За световым ударом из зеркальца последовал гром прямого попадания поцелуя в ухо. Поскольку лицо Гавриэля было намылено перед вторым туром бритья (каждый сеанс состоял у него из двух туров: первое бритье — от висков книзу, в направлении роста бороды, и второе — от кадыка кверху, в обратном направлении), ей не оставалось свободного места для поцелуя, кроме обращенного в ее сторону уха.
— Прекрасно, прекрасно! Я должна услышать о том, что ты вернулся, от Дауда! Целая неделя прошла, как ты приехал, и тебе до сих пор не пришло в голову подать признаки жизни, и кто знает, сколько времени бы еще прошло, пока ты удосужился бы прийти ко мне. Разве так себя ведут? Возвращаются домой через девять лет, словно тать в нощи? Ну, может быть, ты наконец соизволишь завершить бритвенную церемонию? Поглядите, сколько времени он бреется, с какой медлительностью бреется самый проворный парень на Ближнем Востоке! Ты делаешь это нарочно, чтобы меня разозлить. Если ты такой основательный в бритье, почему ты оставляешь усы? Сделай мне личное одолжение и сбрей ради меня эти усы! Ты же знаешь, что я не люблю усы.
Этого личного одолжения он ей не сделал и усов не сбрил, но вместо этого, чтобы не злить ее продолжительной церемонией, обнаружил вдруг из ряда вон выходящее проворство во всех движениях, в одно мгновение завершил второй тур и побежал в дом, чтобы ополоснуть лицо от мыла и освежить его туалетной водою после бритья.
— Я уже позабыла твои резкие переходы, — сказала она, с нескрываемым наслаждением следя взглядом за каждым его движением. — Я уже позабыла, что ты забавный, как Муфтий.
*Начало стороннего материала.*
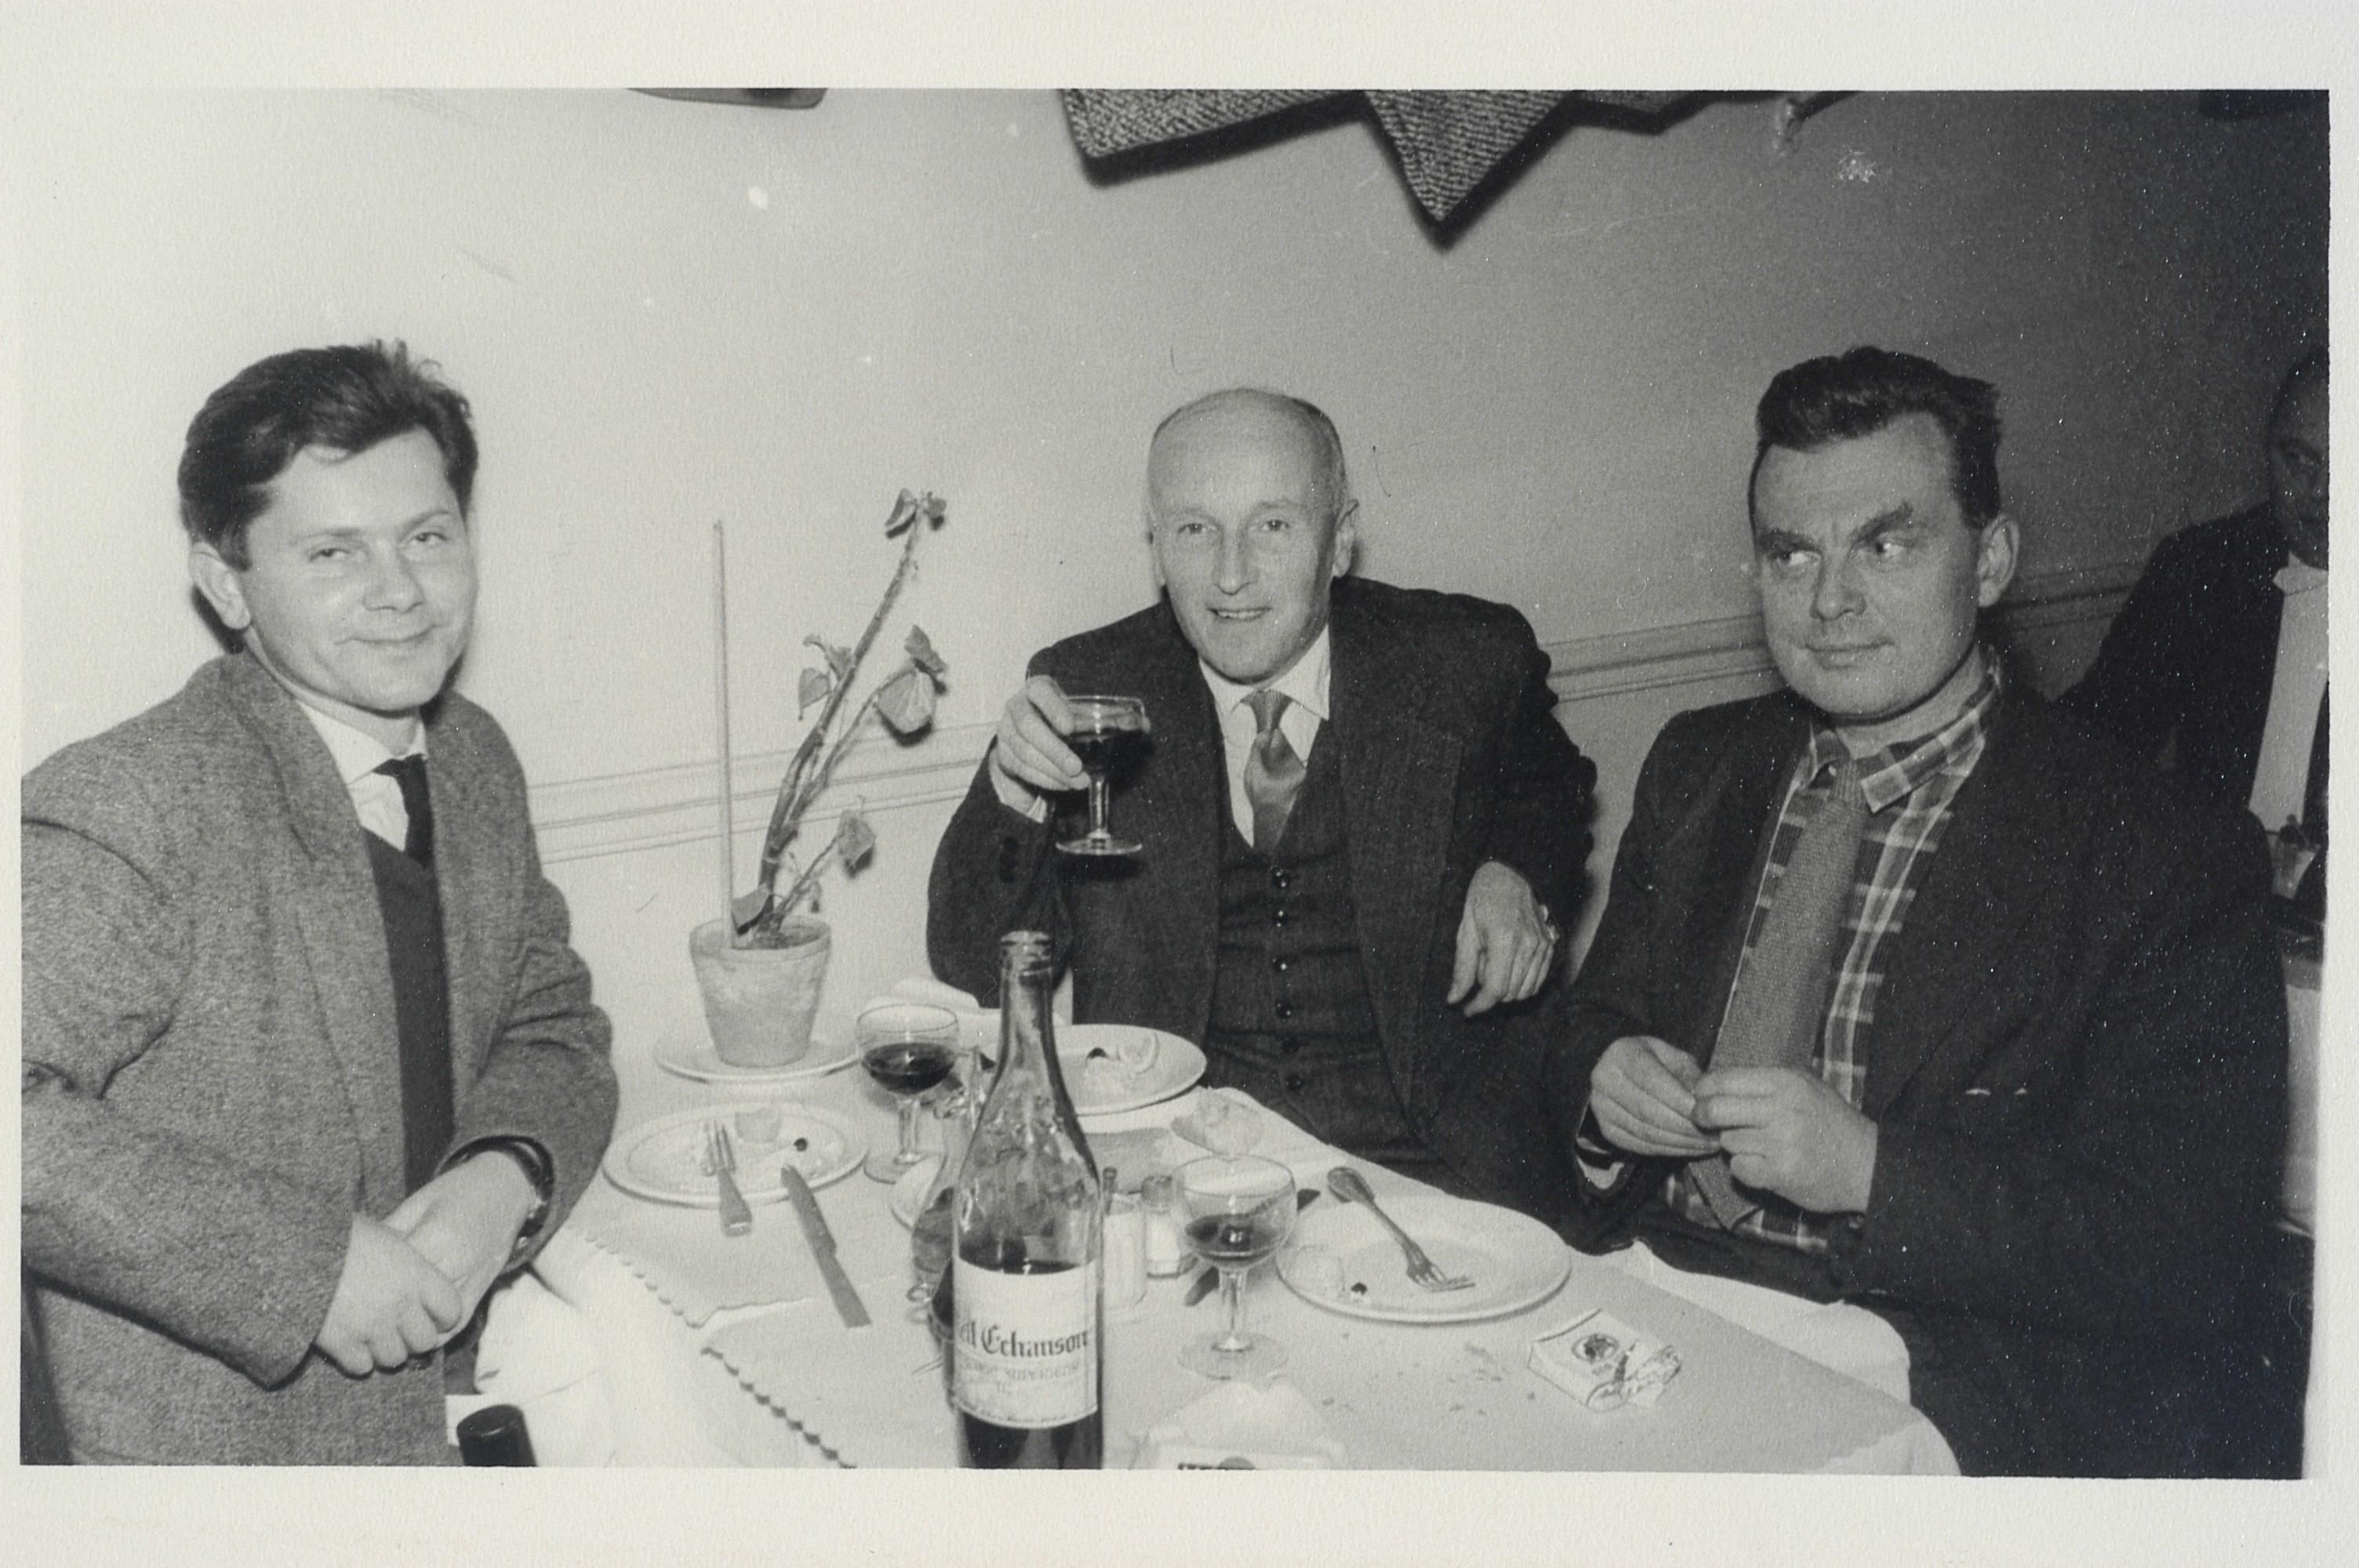 Zbigniew Herbert, Leopold Łabędź i Czesław Miłosz. Paryż, ok. 1958 r. (fot. Archiwum Zbigniewa Herberta, Biblioteka Narodowa)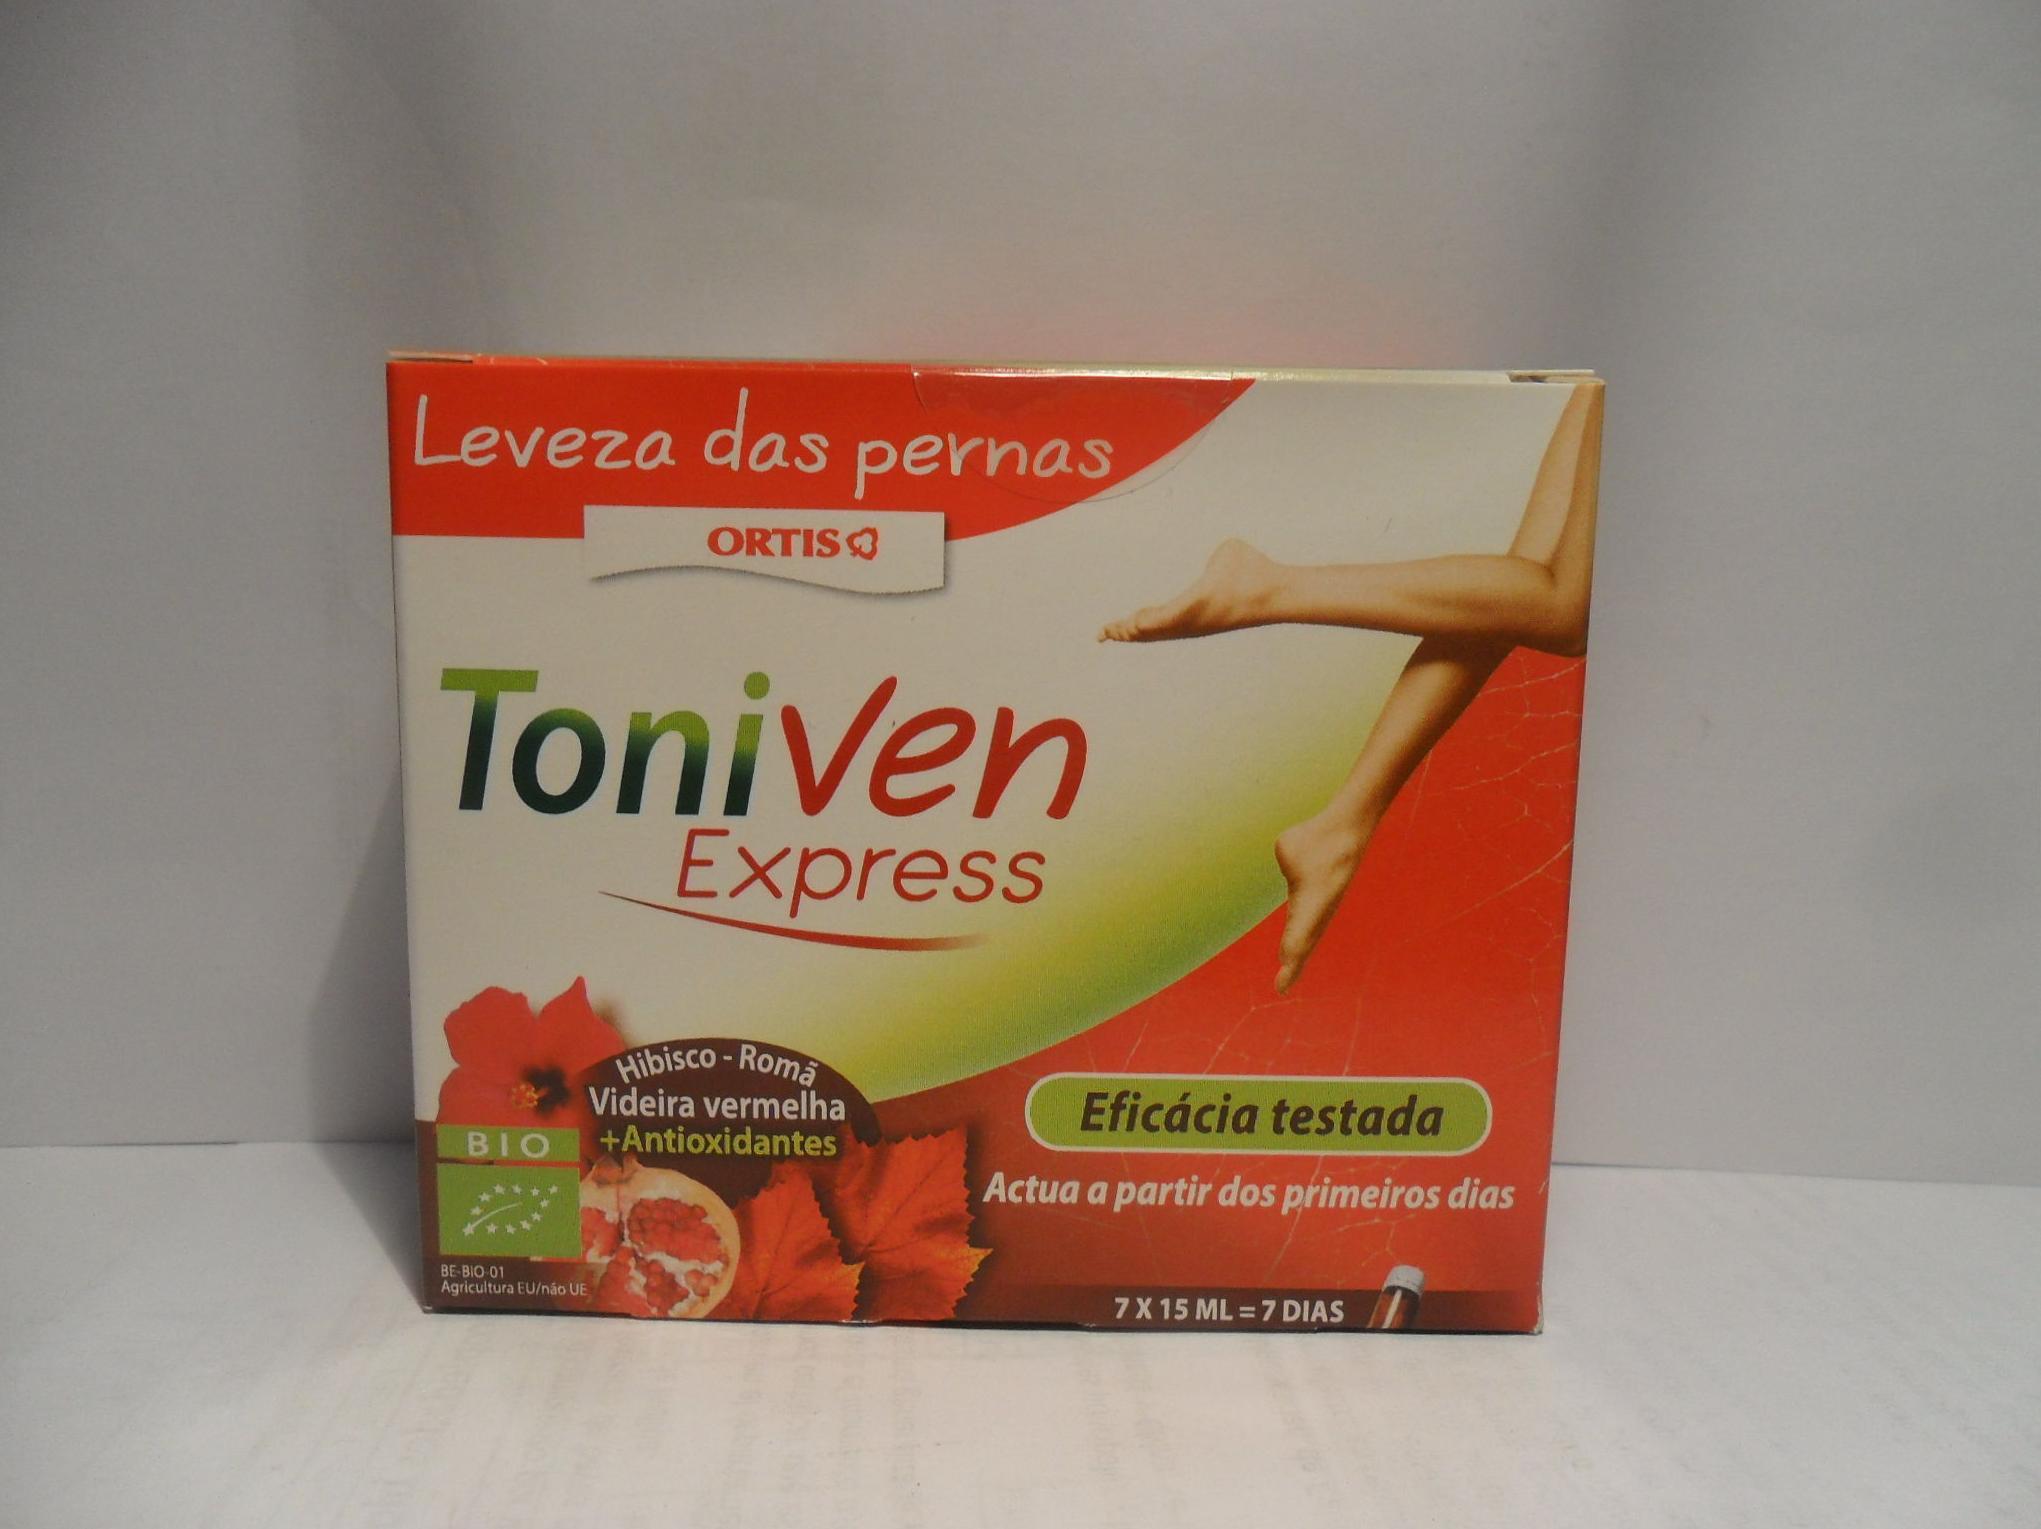 Toniven Express: Catálogo de productos de Herbolario El Monte

Муфтий был ее охотничьим псом, и действительно, этот резкий переход напомнил то, как он, неподвижно растянувшись и нежась на солнышке, совершенно внезапно, без всякого промежуточного этапа, взвивается и одним прыжком перепрыгивает через ограду. От послеполуденной дремы Гавриэль был способен взвиться, чтобы записать два-три слова на пачке сигарет, и ухватив таким образом идею за хвост и запрягши ее в сбрую слов, вернуться на свое ложе и задремать с той же внезапностью, как и проснулся, без ужасных мук пробуждения от ночного сна. Выражение его лица после пробуждения от дневного сна также принципиально отличалось от его мрачного и злобного вида поутру, и можно было бы предположить, что причина различия заключается в легкости послеполуденного сна, являющегося, в сущности, не сном, а поверхностной дремой, если бы он не просыпался радостно и после того, как во сне начинал мерно похрапывать и было слышно, что он погружен в глубокий здоровый сон.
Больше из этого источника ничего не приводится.